Every line from the one with "Pair of Austrian" through the end of the material below, both ends included, should be transcribed exactly, without pictures.

*DATA SHOWN*.
● ● ● ● ● ● ●
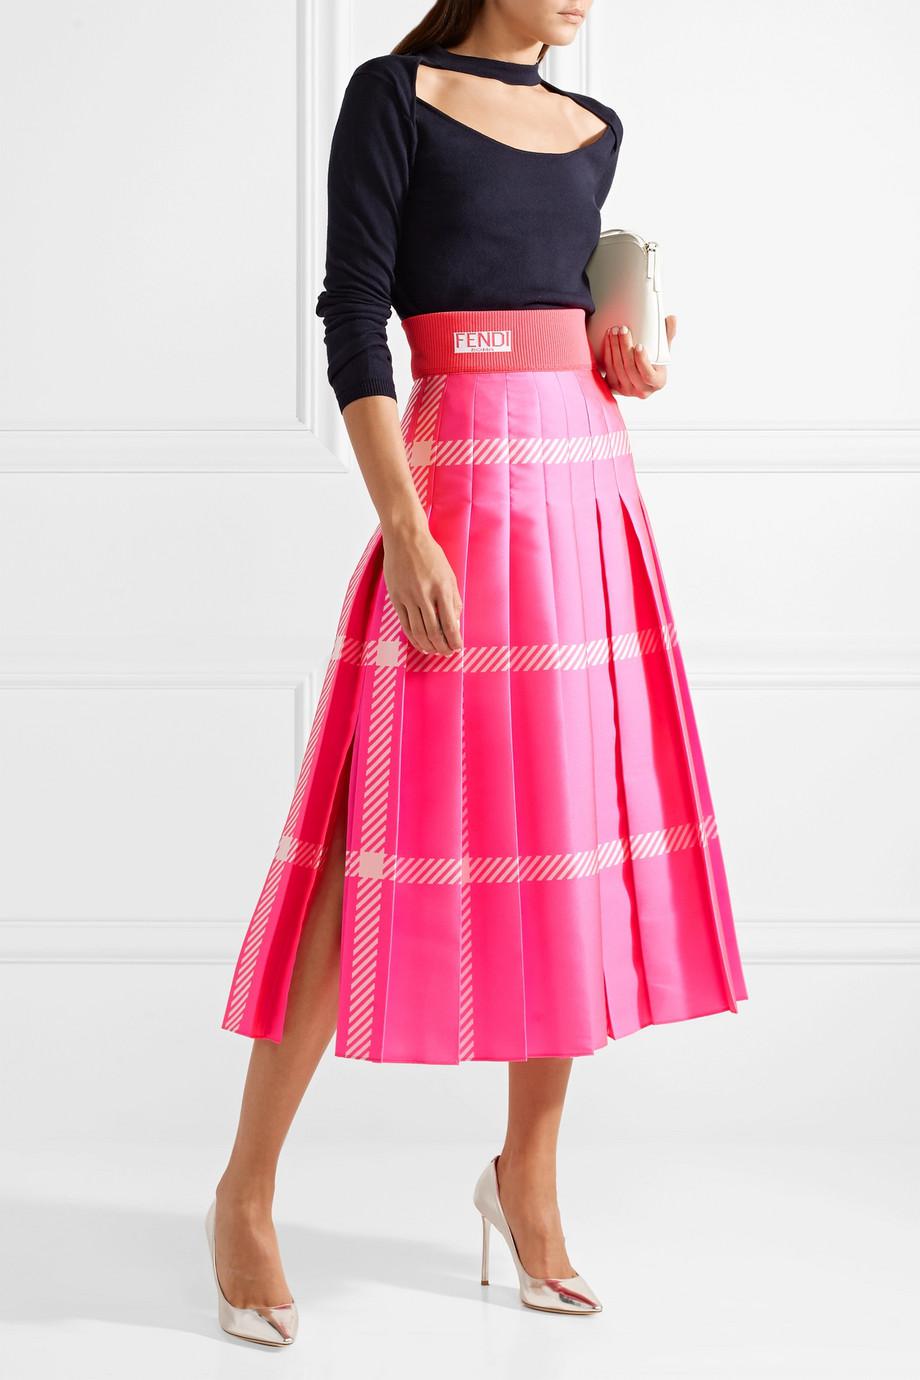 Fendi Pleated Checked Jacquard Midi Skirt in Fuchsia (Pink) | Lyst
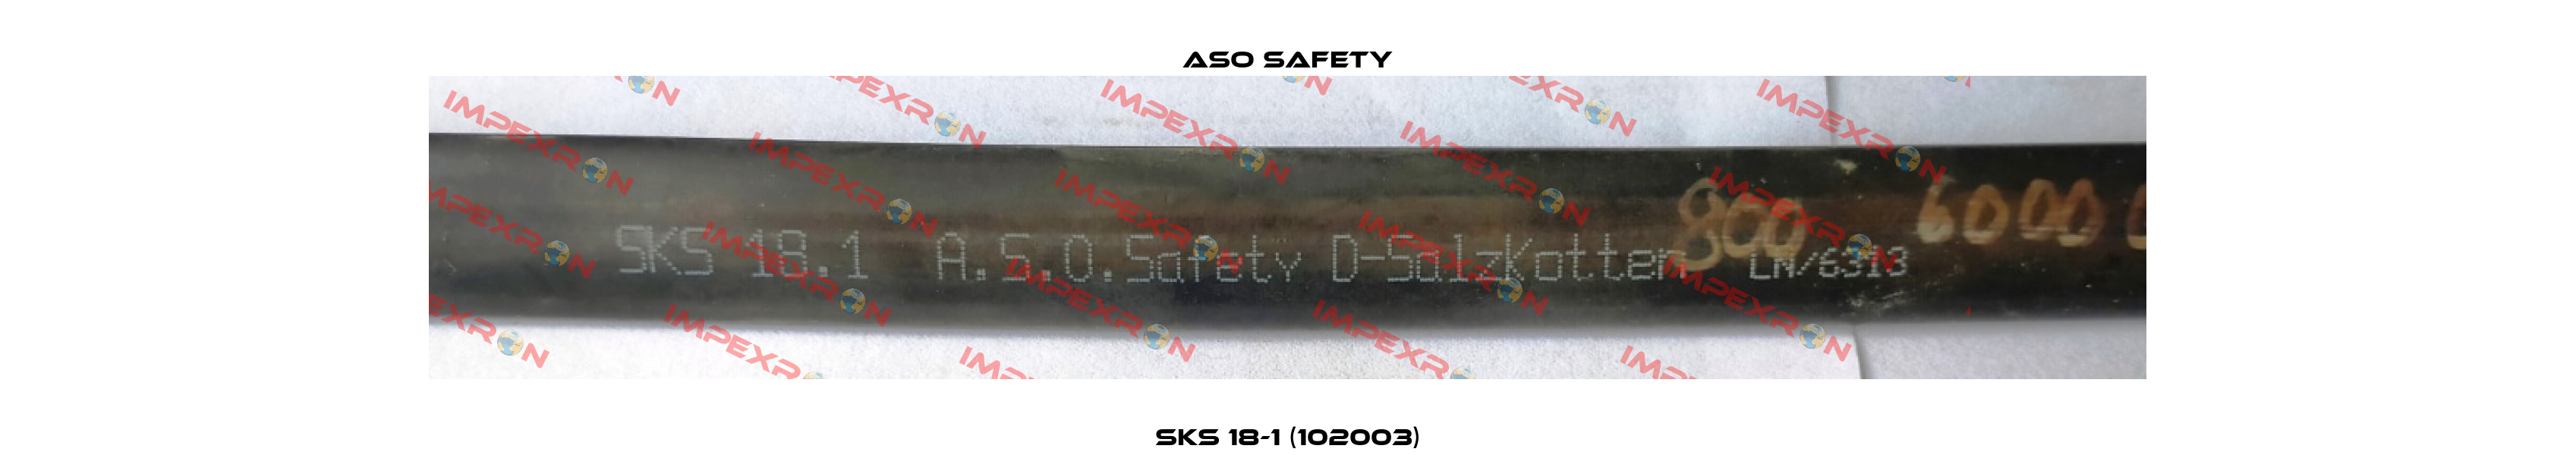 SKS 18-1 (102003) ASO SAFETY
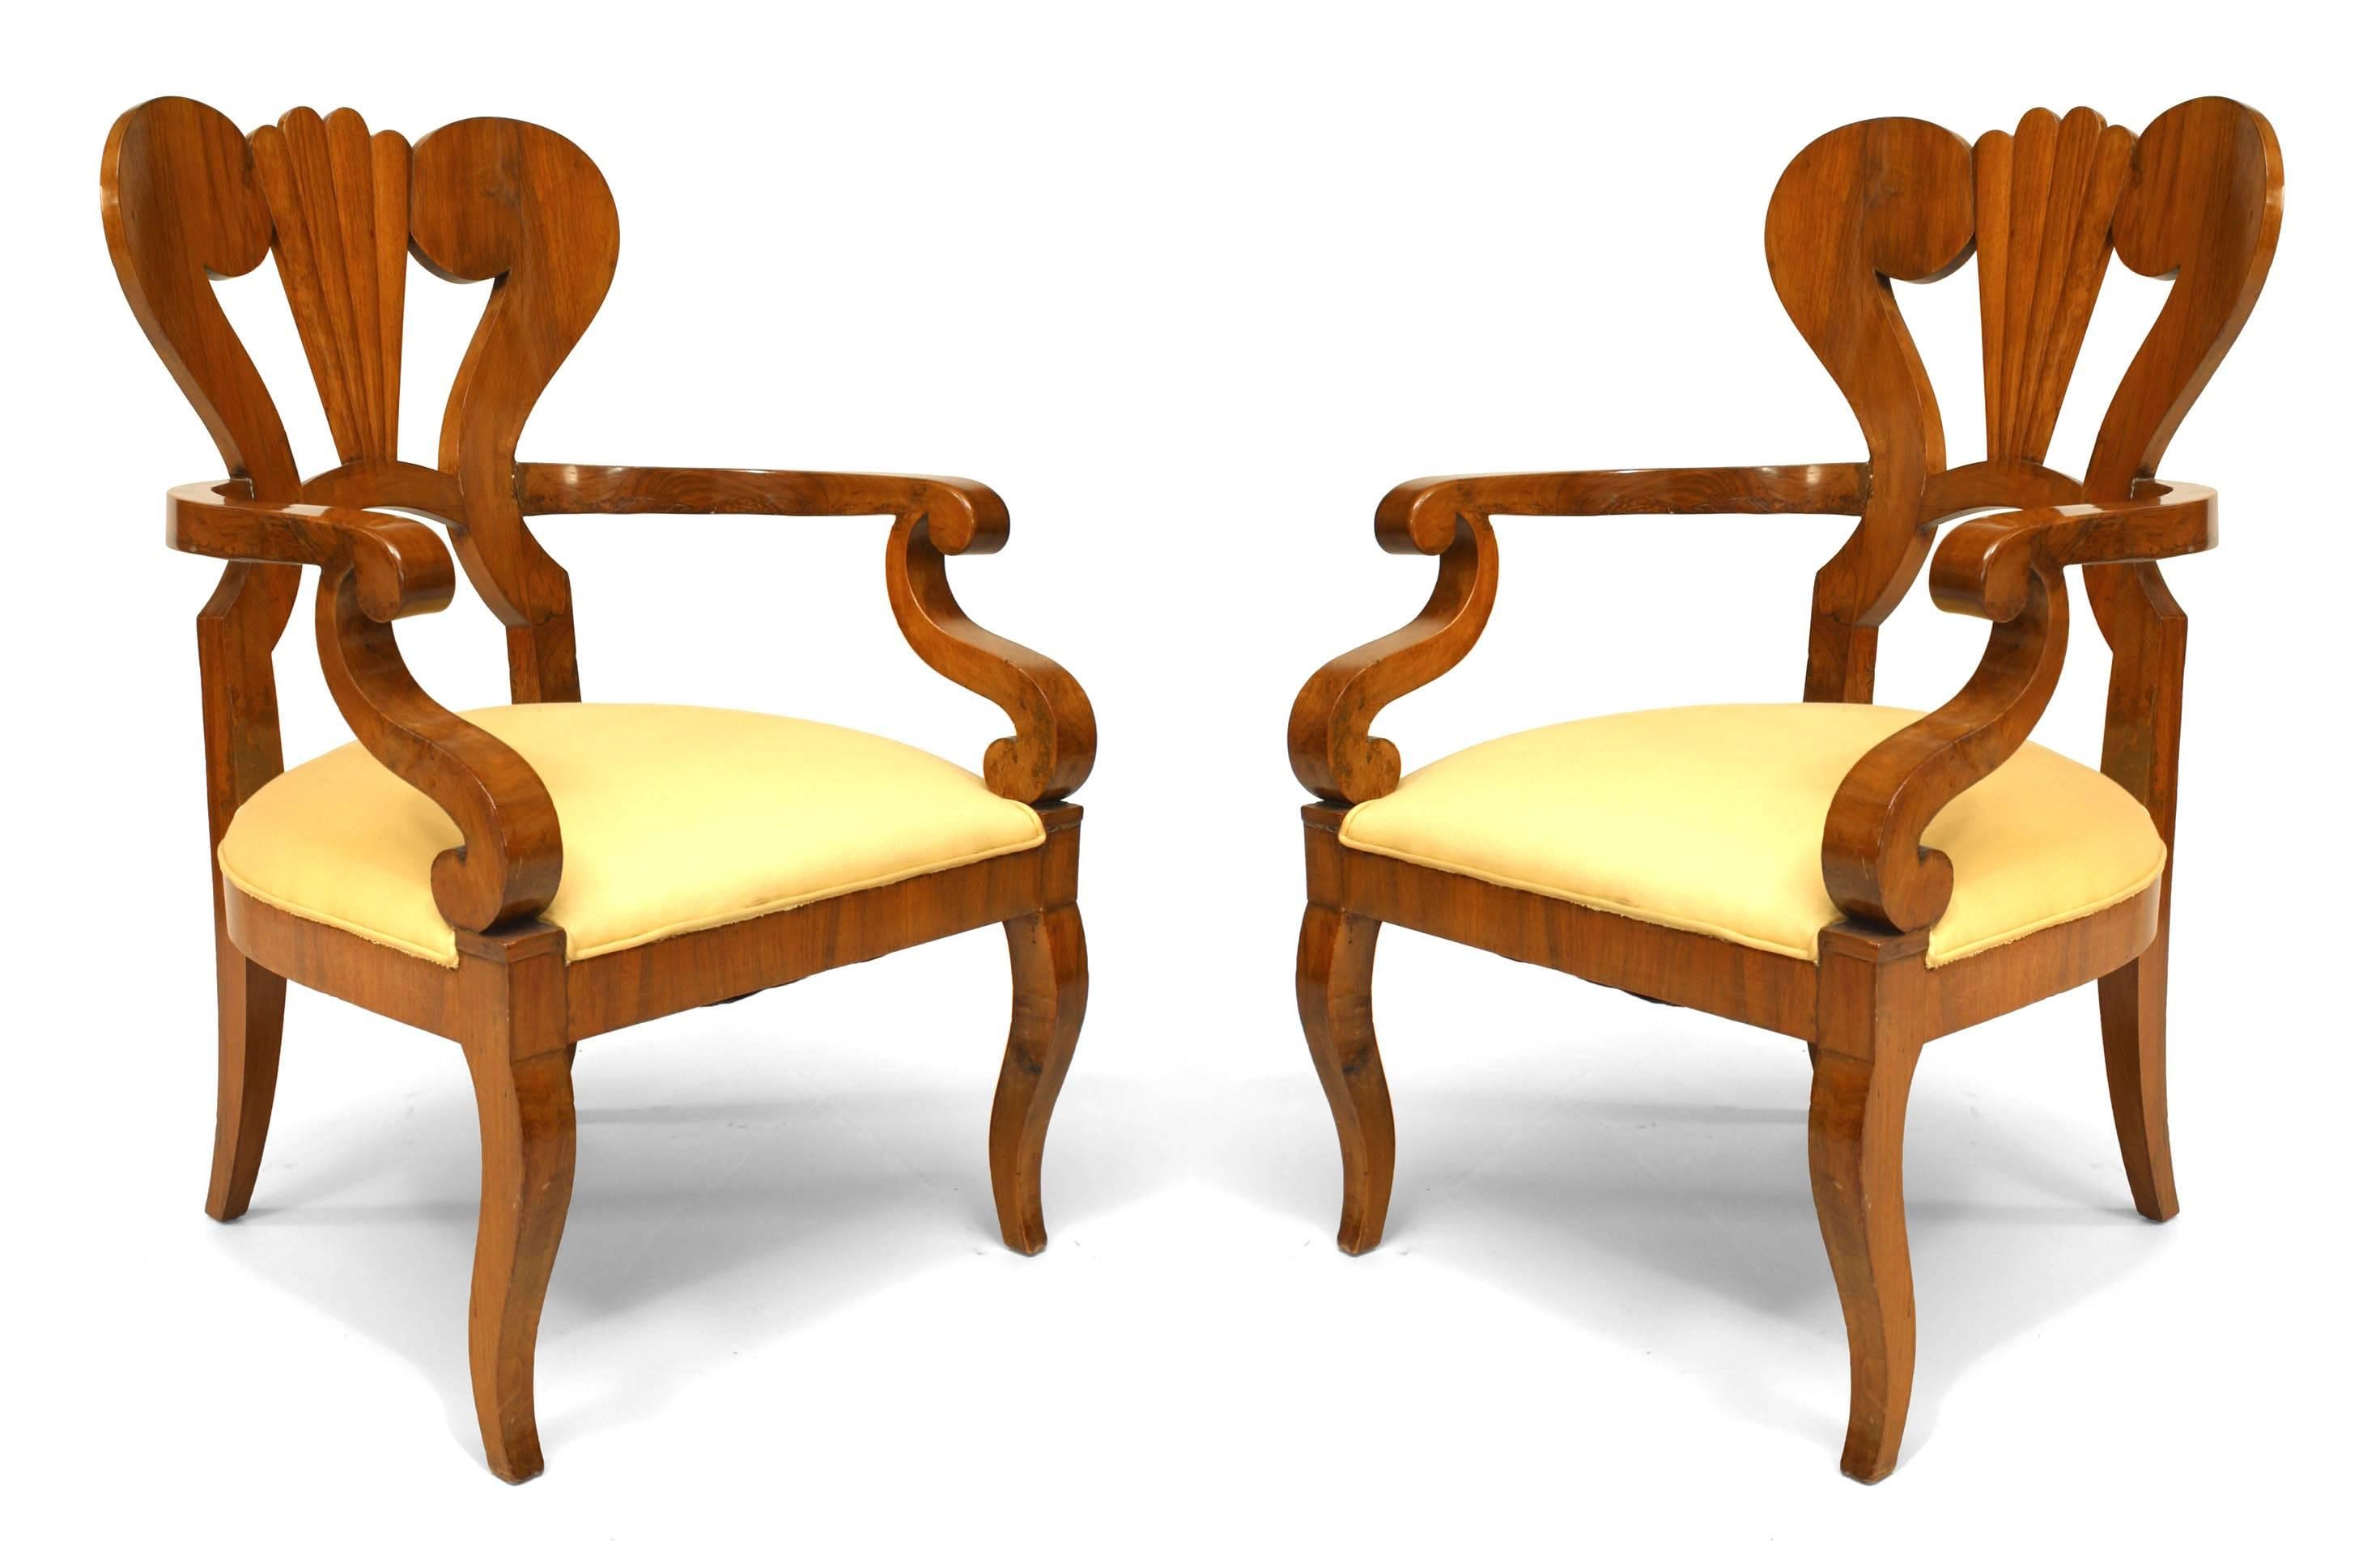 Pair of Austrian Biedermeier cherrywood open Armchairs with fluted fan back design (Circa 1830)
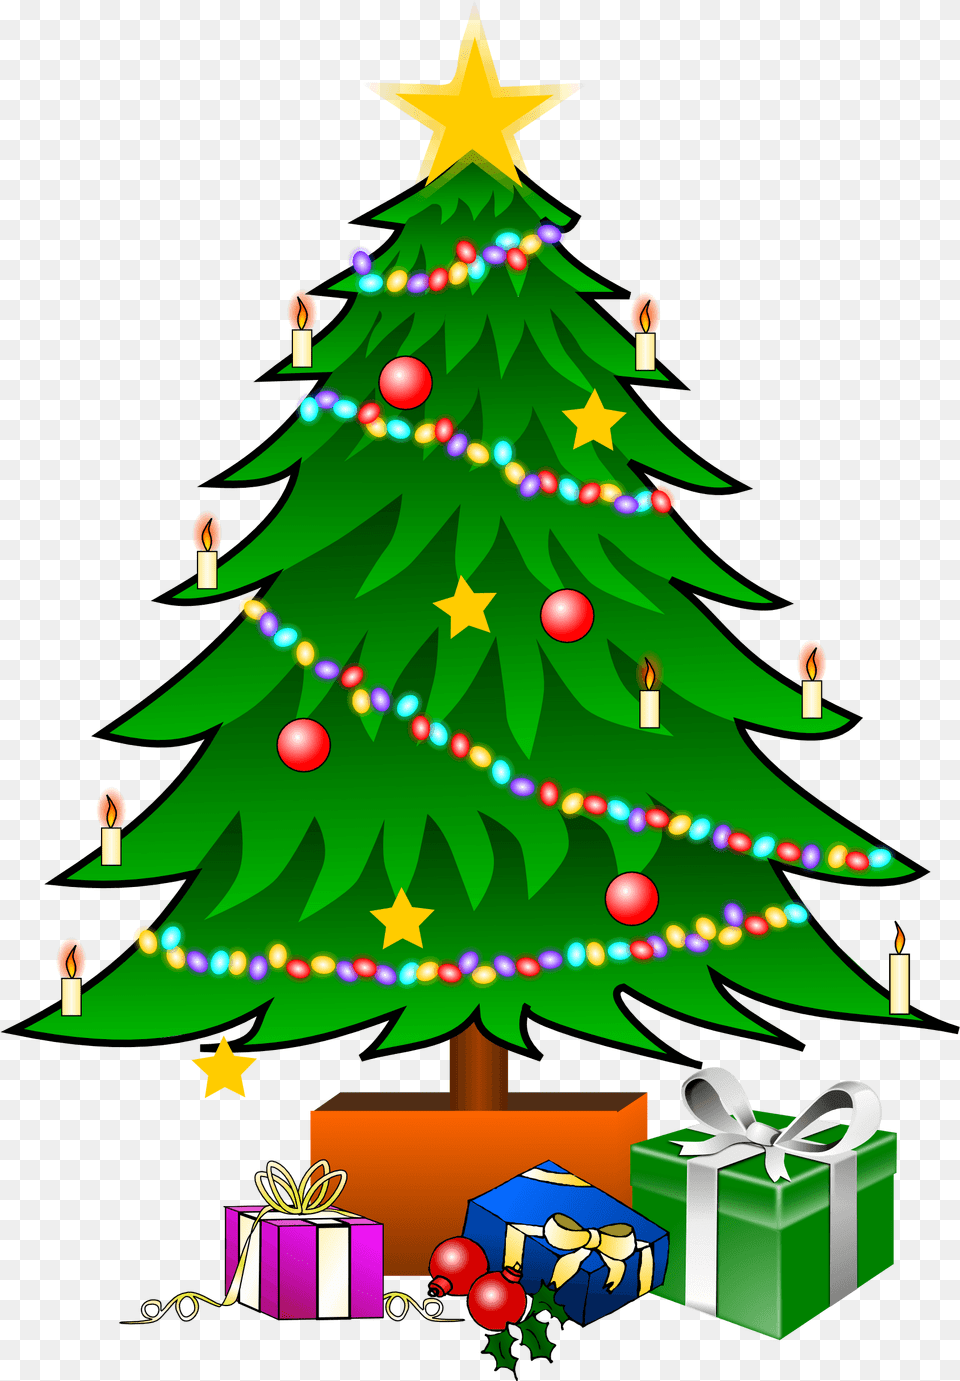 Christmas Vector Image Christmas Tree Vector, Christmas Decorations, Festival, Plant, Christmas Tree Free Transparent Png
● ● ● ● ● ● ●
*ANSWER BELOW*.
 Pair of Austrian Biedermeier cherrywood open Armchairs with fluted fan back design (Circa 1830)
 Christmas Vector Image Christmas Tree Vector, Christmas Decorations, Festival, Plant, Christmas Tree Free Transparent Png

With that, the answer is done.